[Data for the task]
▬▬▬▬▬▬▬▬▬▬
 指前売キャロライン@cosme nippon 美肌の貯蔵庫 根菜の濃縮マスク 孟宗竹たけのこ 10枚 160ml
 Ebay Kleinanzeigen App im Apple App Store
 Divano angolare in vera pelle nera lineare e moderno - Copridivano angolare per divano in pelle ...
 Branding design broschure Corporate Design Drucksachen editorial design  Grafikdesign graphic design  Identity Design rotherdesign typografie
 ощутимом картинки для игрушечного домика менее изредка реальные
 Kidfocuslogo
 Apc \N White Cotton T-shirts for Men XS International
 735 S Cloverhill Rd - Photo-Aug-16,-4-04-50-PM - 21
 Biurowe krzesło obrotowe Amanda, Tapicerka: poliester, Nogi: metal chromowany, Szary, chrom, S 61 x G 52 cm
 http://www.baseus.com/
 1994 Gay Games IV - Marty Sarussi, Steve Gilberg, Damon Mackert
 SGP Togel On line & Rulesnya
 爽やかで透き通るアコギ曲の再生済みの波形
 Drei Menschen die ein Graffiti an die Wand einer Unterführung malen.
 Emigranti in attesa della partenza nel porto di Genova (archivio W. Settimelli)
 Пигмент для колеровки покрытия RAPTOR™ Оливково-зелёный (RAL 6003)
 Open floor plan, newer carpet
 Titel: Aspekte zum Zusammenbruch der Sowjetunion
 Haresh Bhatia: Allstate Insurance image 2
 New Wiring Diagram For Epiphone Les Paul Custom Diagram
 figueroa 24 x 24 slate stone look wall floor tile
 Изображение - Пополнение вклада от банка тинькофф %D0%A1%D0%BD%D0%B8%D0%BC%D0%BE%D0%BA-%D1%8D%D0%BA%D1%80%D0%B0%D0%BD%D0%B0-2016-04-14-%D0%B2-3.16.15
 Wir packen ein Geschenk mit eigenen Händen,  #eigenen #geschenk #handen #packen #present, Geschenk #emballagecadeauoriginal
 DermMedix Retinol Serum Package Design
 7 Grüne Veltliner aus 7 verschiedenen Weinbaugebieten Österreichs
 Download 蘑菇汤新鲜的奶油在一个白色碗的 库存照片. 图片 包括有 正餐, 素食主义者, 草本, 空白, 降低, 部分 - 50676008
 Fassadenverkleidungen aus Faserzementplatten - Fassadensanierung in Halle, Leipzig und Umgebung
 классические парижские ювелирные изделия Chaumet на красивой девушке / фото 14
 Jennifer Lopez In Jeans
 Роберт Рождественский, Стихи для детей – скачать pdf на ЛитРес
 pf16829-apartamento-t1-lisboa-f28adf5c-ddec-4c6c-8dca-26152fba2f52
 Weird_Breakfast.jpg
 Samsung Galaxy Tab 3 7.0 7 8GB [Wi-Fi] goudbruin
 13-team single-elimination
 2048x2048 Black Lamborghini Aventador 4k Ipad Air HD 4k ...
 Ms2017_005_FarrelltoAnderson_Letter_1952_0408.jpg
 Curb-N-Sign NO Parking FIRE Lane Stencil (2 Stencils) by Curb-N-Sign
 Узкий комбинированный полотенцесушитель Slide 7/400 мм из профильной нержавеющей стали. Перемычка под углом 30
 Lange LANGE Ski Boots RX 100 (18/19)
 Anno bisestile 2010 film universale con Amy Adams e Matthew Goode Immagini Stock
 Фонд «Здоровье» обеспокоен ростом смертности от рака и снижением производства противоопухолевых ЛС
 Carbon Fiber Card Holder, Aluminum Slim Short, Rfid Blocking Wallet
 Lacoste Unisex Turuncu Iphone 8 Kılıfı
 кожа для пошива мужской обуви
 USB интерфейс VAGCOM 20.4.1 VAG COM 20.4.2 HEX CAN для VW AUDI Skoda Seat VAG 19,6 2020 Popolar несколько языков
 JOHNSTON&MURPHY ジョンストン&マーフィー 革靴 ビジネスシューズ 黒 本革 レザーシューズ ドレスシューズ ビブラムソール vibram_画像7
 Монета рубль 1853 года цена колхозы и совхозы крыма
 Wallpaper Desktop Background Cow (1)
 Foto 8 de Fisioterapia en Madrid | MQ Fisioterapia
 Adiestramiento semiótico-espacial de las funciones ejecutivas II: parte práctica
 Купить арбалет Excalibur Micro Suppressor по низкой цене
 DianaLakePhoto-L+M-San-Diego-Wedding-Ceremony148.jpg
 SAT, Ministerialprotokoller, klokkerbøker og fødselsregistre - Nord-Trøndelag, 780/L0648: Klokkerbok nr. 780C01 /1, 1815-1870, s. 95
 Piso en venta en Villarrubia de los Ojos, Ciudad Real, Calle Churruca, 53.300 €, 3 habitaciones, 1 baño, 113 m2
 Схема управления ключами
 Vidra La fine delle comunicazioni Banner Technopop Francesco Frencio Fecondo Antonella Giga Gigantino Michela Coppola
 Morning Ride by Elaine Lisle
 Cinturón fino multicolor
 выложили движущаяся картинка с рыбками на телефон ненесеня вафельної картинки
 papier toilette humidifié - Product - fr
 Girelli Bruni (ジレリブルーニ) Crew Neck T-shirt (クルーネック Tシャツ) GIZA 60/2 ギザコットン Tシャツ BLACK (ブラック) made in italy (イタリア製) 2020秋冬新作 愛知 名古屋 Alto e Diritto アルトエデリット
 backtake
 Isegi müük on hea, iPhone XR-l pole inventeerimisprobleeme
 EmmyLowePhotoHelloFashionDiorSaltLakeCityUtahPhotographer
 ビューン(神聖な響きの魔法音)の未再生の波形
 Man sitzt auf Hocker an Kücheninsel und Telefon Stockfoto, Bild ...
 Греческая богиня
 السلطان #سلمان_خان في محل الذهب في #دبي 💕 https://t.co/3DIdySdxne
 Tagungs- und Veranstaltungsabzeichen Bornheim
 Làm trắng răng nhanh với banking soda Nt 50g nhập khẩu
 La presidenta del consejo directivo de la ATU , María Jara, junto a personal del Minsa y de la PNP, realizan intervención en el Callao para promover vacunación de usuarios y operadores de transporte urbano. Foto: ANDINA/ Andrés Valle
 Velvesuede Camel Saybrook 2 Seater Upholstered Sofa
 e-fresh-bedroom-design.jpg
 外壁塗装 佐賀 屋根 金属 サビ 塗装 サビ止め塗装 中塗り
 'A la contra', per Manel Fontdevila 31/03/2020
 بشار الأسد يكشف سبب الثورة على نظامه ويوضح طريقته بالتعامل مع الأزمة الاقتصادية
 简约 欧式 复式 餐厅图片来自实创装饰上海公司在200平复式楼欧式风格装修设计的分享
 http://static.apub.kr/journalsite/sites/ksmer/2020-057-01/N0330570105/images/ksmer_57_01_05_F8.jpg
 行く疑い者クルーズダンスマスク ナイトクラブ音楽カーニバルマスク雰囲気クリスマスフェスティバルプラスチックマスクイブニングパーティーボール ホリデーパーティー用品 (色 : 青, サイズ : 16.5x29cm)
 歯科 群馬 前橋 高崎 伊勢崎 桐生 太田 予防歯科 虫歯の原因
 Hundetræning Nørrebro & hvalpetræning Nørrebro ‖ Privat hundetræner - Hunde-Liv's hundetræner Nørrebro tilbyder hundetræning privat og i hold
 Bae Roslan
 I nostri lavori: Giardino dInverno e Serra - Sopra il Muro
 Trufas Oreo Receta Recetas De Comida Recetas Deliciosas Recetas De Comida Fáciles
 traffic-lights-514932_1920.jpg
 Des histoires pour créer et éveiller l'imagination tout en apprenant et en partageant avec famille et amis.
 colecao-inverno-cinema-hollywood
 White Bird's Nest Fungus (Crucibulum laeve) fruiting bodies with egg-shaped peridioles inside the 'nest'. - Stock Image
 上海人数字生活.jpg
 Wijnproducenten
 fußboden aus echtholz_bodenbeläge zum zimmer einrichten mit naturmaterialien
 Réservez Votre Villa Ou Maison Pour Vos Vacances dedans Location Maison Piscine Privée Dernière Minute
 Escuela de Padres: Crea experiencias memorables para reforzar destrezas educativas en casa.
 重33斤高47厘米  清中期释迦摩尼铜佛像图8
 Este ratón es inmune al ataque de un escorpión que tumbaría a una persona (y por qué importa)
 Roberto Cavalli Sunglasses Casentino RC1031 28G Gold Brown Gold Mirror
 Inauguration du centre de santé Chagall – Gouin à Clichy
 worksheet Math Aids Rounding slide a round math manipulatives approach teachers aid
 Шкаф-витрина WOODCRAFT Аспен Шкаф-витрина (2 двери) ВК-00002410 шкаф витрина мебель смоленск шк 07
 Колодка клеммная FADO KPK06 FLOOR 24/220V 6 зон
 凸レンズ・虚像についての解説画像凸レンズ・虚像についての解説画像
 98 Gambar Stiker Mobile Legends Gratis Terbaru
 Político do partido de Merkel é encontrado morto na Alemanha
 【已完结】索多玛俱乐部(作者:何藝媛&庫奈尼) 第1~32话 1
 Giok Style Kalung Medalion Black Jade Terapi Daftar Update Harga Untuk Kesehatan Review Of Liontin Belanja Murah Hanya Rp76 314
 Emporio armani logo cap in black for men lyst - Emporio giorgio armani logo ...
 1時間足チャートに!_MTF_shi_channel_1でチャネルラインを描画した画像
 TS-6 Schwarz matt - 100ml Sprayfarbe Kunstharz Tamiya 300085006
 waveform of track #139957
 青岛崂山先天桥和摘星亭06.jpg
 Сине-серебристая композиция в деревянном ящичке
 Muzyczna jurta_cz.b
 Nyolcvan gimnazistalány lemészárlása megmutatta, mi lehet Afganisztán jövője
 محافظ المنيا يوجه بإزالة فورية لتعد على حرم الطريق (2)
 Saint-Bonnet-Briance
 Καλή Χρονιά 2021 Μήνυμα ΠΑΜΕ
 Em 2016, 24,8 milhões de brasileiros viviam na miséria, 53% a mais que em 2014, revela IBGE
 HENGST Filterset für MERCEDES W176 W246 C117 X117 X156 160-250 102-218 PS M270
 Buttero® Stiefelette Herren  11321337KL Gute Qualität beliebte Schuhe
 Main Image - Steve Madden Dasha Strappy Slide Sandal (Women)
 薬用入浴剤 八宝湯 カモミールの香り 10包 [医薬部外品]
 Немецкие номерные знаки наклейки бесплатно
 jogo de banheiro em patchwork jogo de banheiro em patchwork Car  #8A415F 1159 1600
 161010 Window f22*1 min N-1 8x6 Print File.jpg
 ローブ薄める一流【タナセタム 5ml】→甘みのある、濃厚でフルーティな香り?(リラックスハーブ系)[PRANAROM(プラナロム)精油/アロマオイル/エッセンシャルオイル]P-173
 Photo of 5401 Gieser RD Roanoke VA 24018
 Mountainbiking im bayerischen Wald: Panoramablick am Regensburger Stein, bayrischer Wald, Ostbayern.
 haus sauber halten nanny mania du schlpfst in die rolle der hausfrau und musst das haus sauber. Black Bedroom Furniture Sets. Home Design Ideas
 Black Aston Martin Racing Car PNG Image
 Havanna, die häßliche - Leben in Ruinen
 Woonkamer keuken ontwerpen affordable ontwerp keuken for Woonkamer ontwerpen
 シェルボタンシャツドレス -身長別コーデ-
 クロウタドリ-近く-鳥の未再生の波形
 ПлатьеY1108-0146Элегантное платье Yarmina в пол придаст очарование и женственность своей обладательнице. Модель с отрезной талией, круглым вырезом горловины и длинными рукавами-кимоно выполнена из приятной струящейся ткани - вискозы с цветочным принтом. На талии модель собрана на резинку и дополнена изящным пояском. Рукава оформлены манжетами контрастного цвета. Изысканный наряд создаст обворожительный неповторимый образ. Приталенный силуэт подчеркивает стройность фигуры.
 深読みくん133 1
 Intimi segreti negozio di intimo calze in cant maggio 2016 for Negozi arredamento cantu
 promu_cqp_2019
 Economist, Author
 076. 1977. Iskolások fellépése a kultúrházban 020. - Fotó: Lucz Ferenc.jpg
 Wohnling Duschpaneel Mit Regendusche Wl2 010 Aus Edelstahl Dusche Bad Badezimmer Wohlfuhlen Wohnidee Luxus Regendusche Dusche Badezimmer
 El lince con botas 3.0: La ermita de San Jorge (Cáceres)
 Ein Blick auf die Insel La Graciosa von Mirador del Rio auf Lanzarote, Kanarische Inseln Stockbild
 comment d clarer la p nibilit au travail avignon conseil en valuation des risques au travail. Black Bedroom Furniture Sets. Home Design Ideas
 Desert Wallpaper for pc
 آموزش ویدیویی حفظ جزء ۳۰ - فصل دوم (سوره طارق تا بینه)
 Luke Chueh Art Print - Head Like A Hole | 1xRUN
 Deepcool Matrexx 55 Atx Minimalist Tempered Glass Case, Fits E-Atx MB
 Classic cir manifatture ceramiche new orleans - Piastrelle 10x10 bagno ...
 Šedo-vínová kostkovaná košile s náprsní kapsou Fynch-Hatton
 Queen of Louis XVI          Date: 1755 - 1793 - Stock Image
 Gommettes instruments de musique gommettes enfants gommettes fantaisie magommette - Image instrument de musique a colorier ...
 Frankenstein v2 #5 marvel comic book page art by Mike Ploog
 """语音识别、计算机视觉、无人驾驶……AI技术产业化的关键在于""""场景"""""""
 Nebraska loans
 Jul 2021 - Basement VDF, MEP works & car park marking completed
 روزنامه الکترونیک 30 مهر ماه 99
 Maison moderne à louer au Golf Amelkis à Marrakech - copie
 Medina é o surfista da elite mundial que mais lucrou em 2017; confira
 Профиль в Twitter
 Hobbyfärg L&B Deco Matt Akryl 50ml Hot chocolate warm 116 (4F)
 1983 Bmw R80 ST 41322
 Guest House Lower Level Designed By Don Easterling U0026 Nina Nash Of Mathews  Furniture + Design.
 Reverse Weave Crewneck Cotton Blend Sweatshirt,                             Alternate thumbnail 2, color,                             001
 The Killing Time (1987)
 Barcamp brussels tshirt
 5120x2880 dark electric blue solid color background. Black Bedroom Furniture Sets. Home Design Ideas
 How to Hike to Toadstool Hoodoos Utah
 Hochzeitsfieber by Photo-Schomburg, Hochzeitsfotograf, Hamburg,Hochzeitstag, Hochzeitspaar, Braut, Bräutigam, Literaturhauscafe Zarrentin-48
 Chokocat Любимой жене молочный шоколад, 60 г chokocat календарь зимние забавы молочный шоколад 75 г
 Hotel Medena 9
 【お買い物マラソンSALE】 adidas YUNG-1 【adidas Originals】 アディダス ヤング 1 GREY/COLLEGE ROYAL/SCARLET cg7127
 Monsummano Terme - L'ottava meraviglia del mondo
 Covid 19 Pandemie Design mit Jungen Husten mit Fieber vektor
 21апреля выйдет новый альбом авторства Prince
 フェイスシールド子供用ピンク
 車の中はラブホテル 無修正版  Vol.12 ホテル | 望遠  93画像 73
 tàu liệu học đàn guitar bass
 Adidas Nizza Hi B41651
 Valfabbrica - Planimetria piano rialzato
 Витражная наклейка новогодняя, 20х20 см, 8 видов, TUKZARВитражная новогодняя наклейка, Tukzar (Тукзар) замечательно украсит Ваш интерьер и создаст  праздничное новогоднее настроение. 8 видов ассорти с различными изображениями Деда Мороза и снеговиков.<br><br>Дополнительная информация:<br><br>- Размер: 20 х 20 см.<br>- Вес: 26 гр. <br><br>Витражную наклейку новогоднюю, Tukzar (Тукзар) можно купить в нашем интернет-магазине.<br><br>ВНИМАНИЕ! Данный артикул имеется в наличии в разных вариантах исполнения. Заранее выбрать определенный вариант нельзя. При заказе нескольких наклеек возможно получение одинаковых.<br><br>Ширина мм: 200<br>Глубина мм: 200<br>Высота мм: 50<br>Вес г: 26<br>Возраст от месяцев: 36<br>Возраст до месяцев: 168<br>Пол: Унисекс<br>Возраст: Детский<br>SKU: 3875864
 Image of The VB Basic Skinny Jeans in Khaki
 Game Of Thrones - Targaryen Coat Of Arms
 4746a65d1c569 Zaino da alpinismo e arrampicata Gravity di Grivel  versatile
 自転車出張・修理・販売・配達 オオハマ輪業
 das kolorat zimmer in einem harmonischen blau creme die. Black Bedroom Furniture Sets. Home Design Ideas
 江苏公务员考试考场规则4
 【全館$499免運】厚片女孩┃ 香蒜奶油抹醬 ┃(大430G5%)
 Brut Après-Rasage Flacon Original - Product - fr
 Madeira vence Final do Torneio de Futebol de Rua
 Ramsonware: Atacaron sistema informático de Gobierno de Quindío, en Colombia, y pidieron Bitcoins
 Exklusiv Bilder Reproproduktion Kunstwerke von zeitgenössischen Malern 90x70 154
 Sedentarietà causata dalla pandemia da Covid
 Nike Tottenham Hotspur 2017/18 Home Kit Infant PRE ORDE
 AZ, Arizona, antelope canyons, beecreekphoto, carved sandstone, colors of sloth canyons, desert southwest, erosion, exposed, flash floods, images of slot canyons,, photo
▬▬▬▬▬▬▬▬▬▬
[Directions] Find the word "картинки" in the records and pull out each line that has it.

[Exercise output]
 ощутимом картинки для игрушечного домика менее изредка реальные
 выложили движущаяся картинка с рыбками на телефон ненесеня вафельної картинки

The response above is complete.